What needs to be done:
Print every line of the material below exactly as it stands, but omit the pictures.

The data:
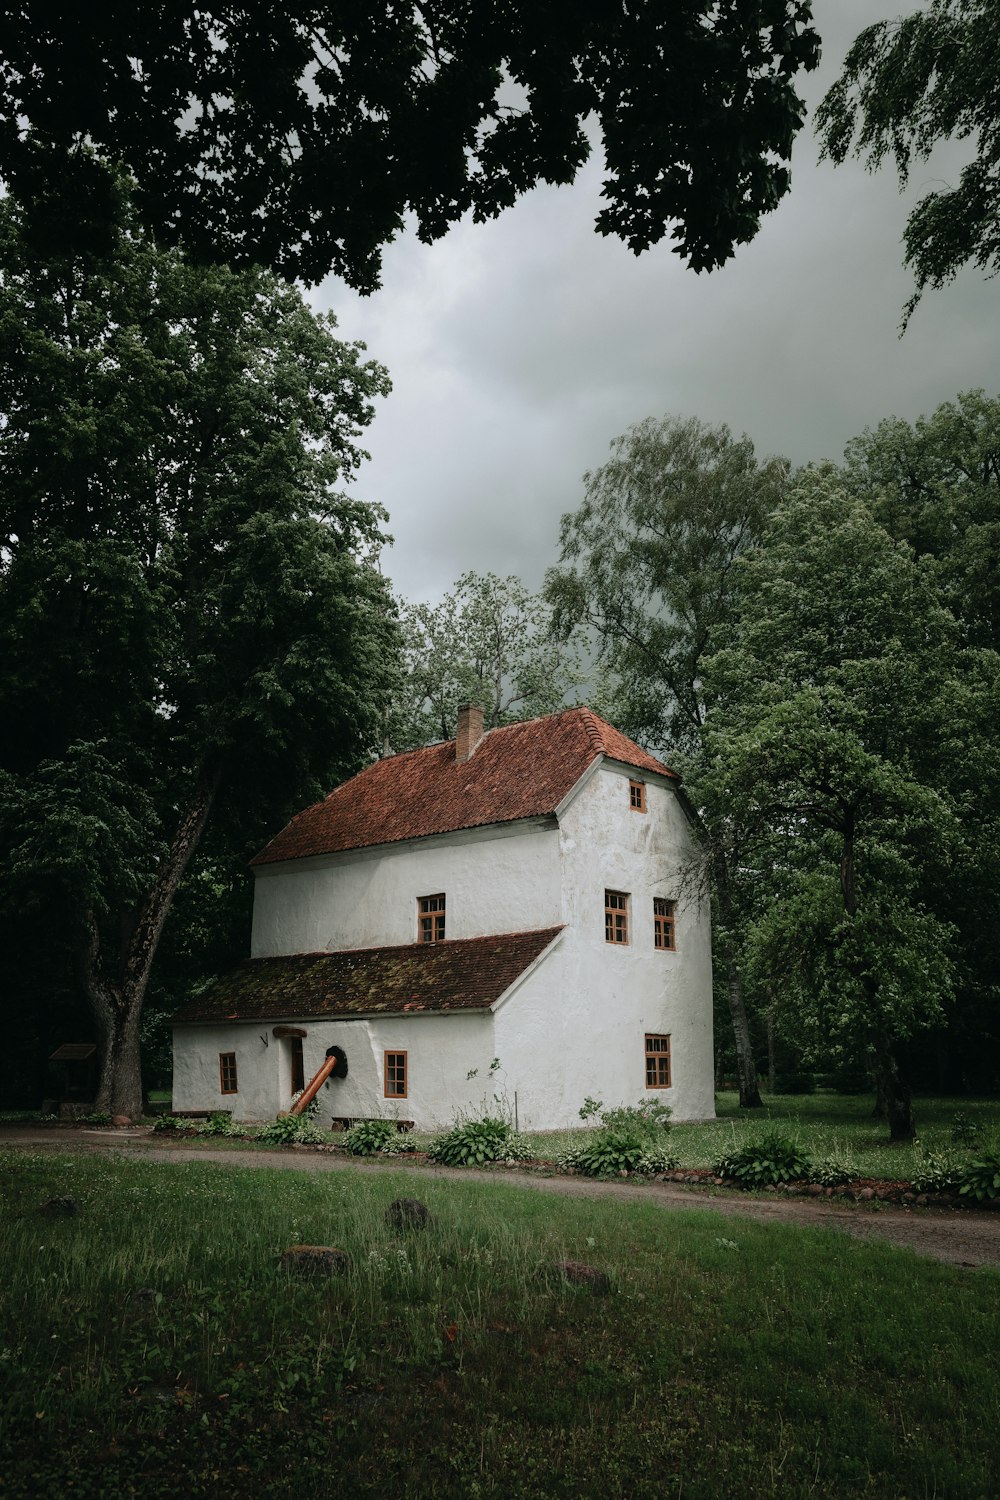 Weißes und braunes Betonhaus in der Nähe von grünen Bäumen unter weißen Wolken tagsüber
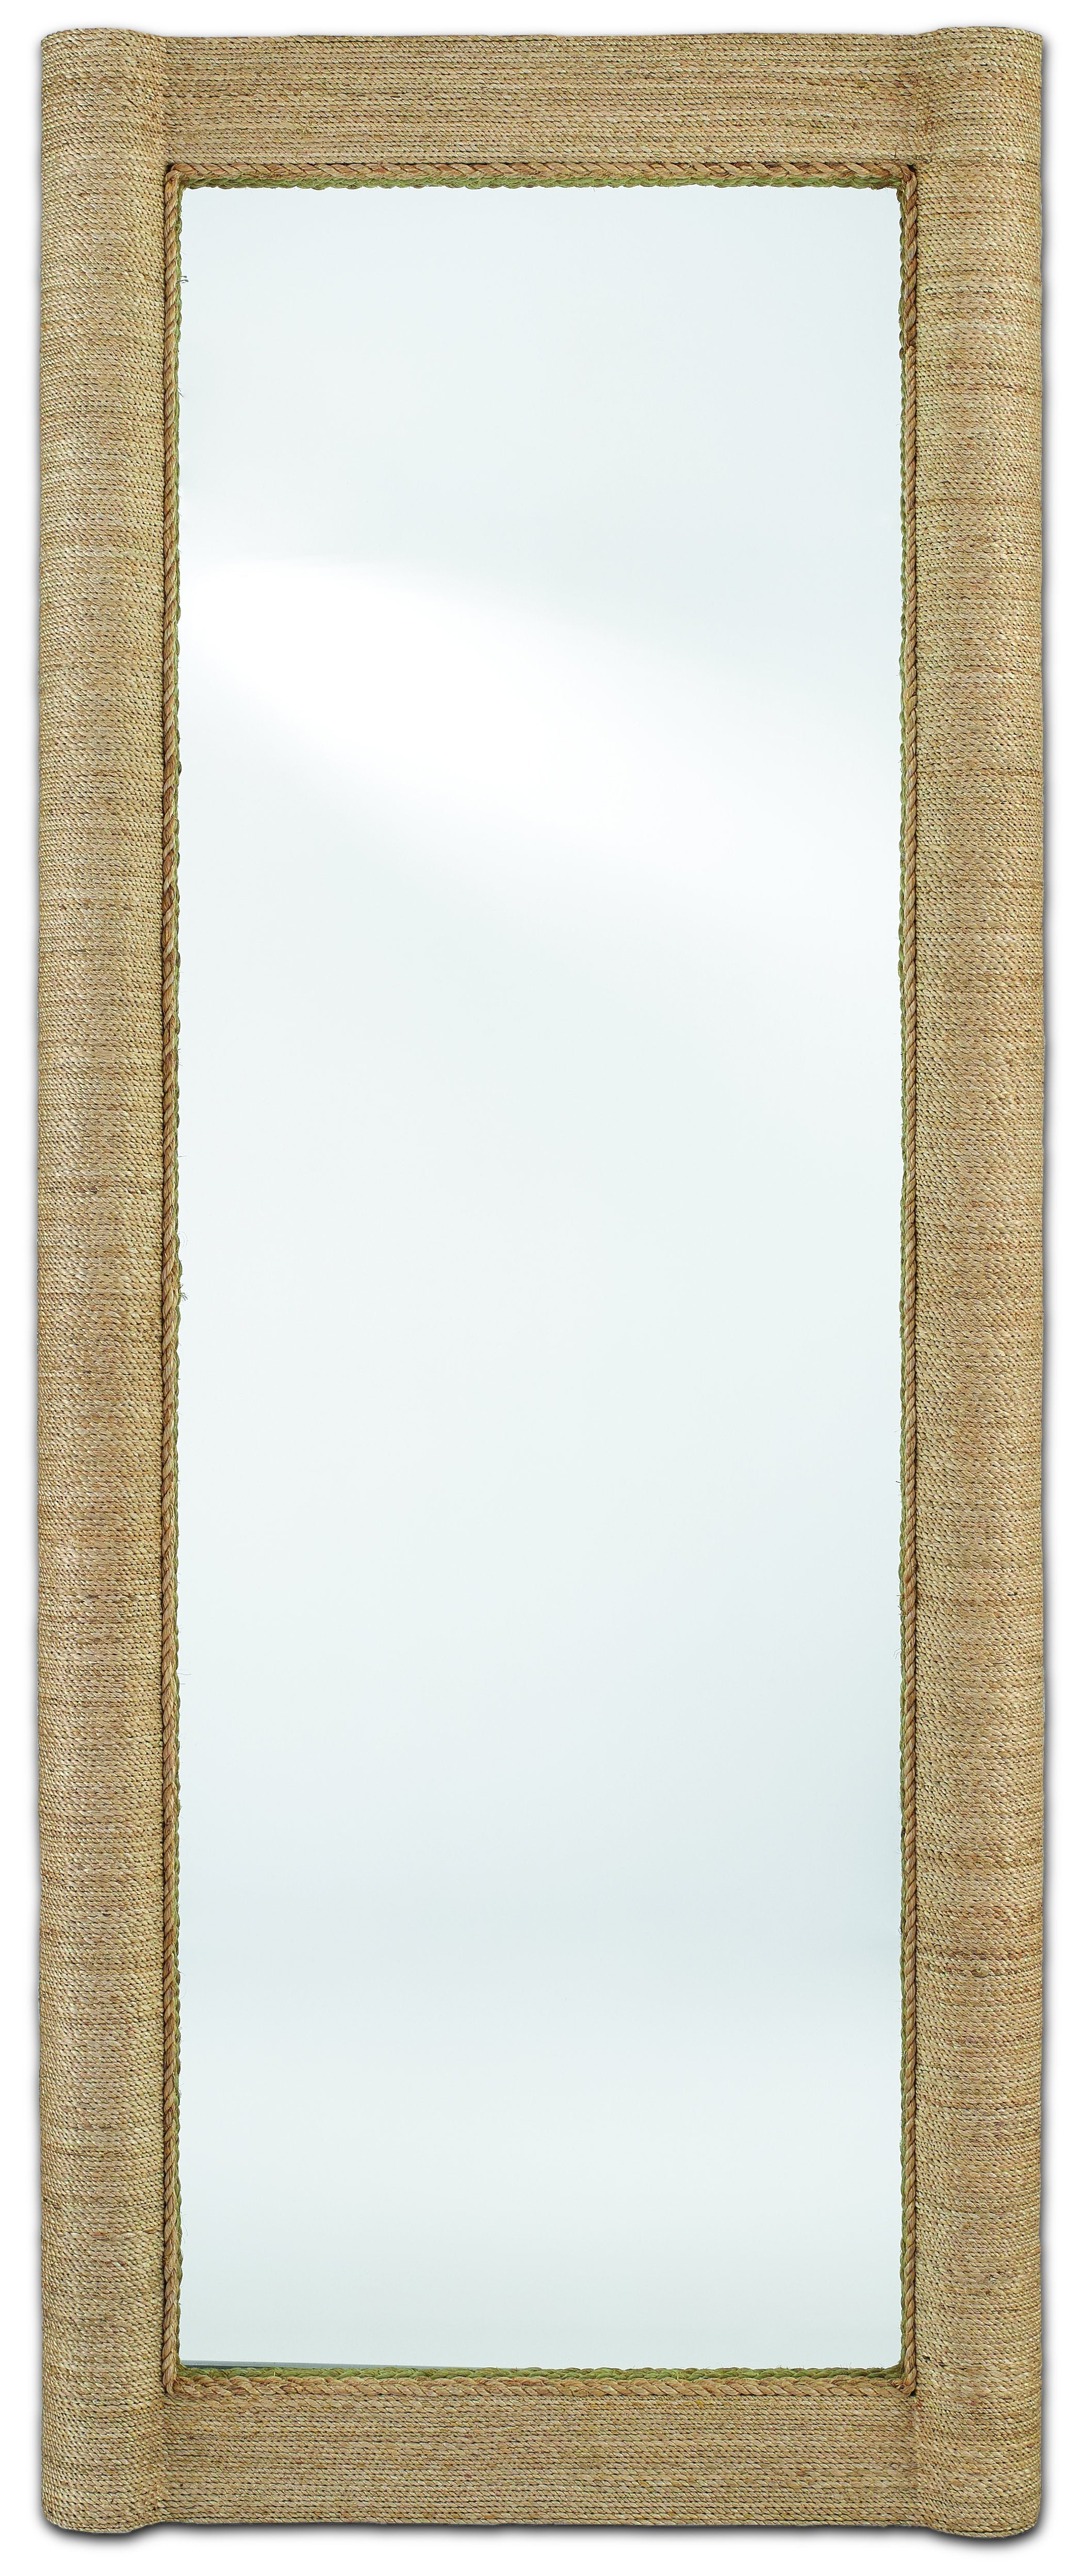 Vilmar Floor Mirror design by Currey and Company
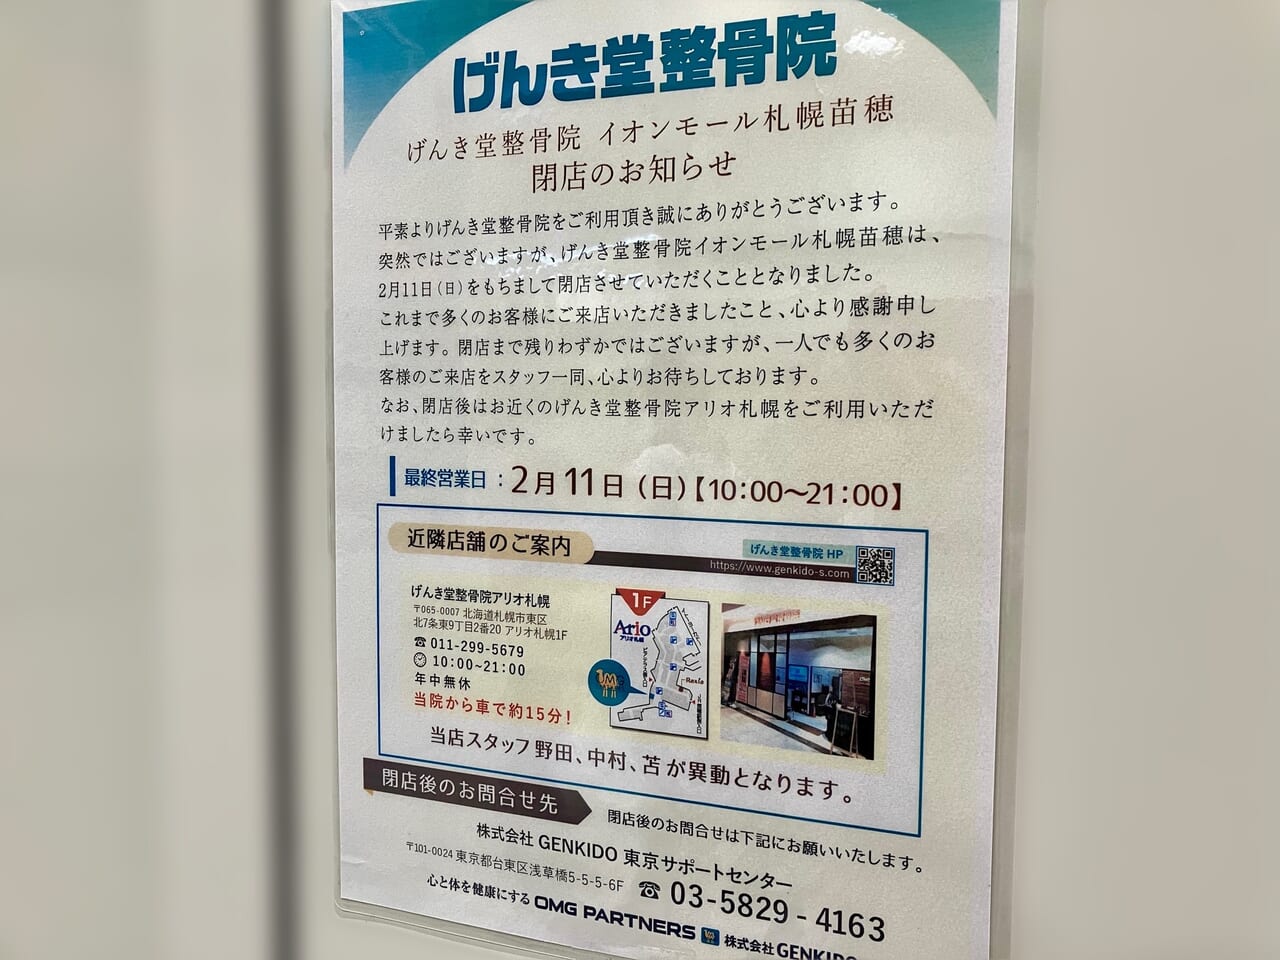 イオンモール札幌苗穂の「げんき堂整骨院」が閉店していました。次にオープンする店舗も決まっているようですよ。

Exercise solution:
 Weißes und braunes Betonhaus in der Nähe von grünen Bäumen unter weißen Wolken tagsüber
 Vilmar Floor Mirror design by Currey and Company
 イオンモール札幌苗穂の「げんき堂整骨院」が閉店していました。次にオープンする店舗も決まっているようですよ。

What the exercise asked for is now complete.